BOISE, Idaho — Legendary tough guy Joe Munch was reflecting on the forces that have shaped his life when he did something his critics would say was wildly out of character.
The former child Nazi, French Legionnaire, cop and chief of security at Idaho's penitentiary — dry-eyed through the carnage of war and the harshness of prison life — paused and wiped away a tear.
"You ask me which is the real Joe Munch," he said. "It's all of them. I've been the person who fit the situation."

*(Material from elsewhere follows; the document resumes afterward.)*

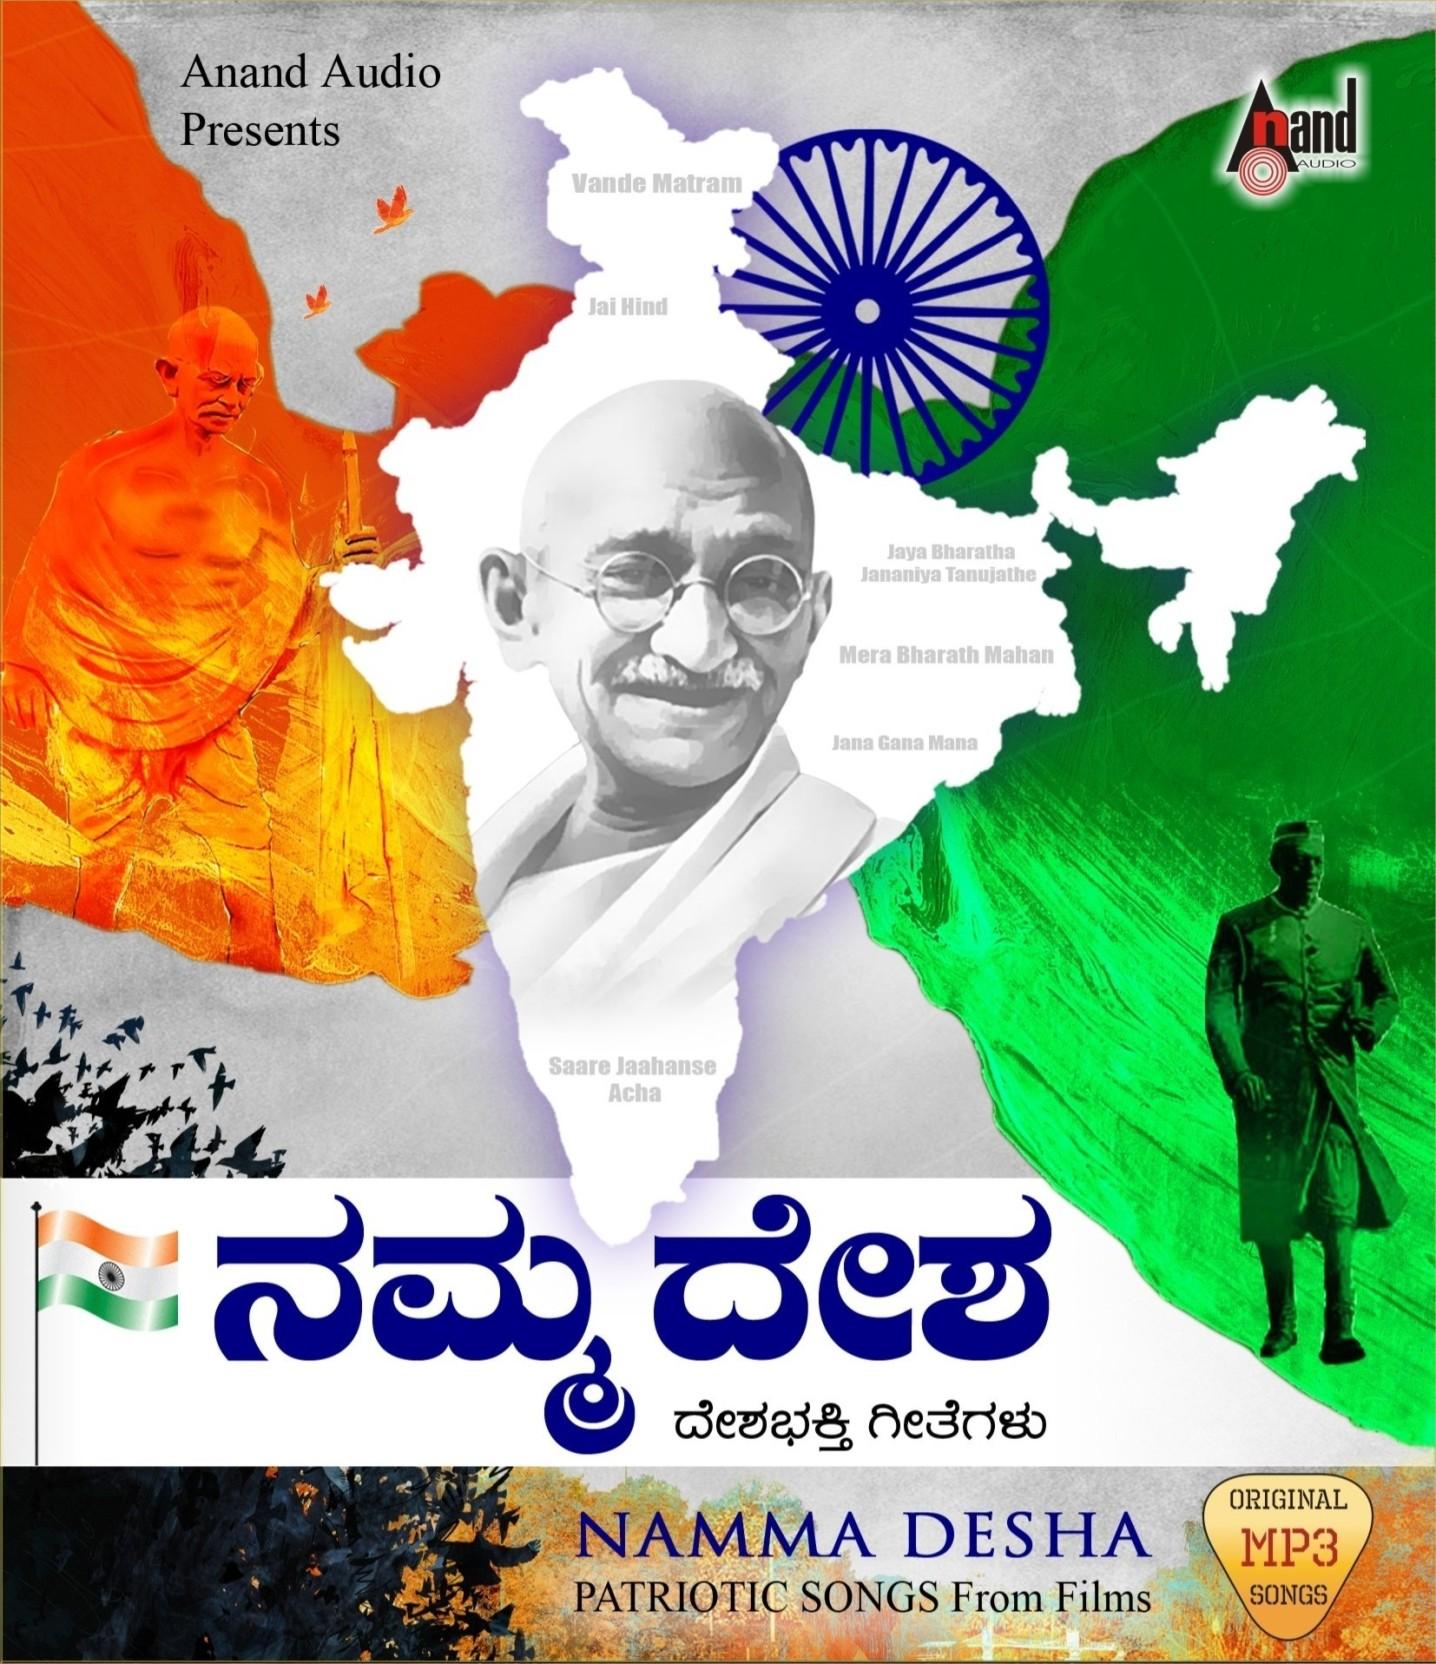 Namma Desha Music MP3 - Price In India  Buy Namma Desha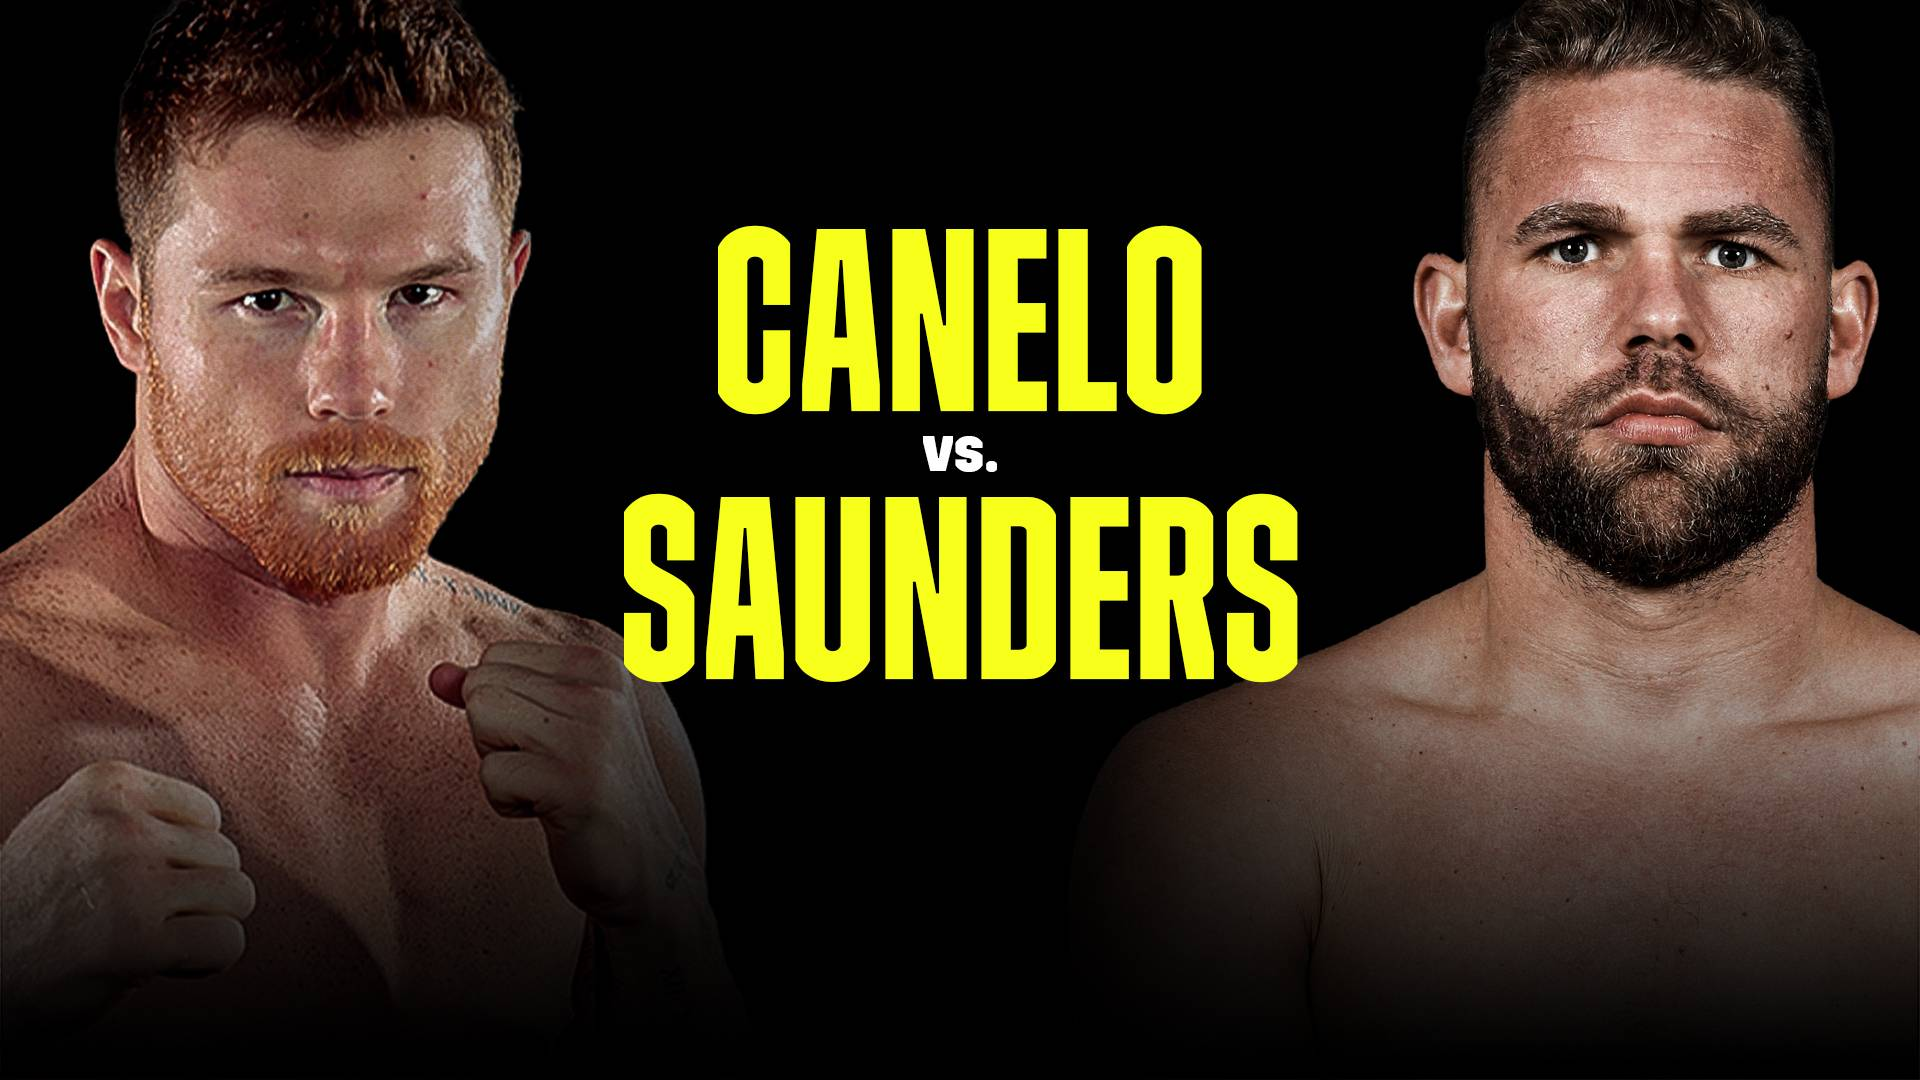 Watch Canelo Alvarez vs Billy Joe Saunders Live Stream Reddit Free Online - TV Channels, Start Time, Date, Venue, Live Fight, Lineups, and Updates

On a table beside the lounge chair where he now spends much of his time was a box of memorabilia from his years in the French Foreign Legion. Next to that, his Hitler Youth knife — its Blut und Ehre (Blood and Honor) inscription still eerily sinister.
Munch was resting after a blood transfusion for the esophageal cancer that could end his life at any time. Even dressed in slippers, baggy pants and an Ada County Sheriff's Employees Association T-shirt, he evokes images of the hard-boiled soldier and cop he once was - commanding presence, neatly trimmed gray hair swept straight back, gray-blue eyes that could cut steel.
At 77, Munch still carries his draft card. On his front lawn, American and Idaho flags ripple from a tall pole. More than flags, they're testimonials to the onetime Nazi's feelings for a country he once saw as an enemy but for most of his life has been fiercely proud to call home.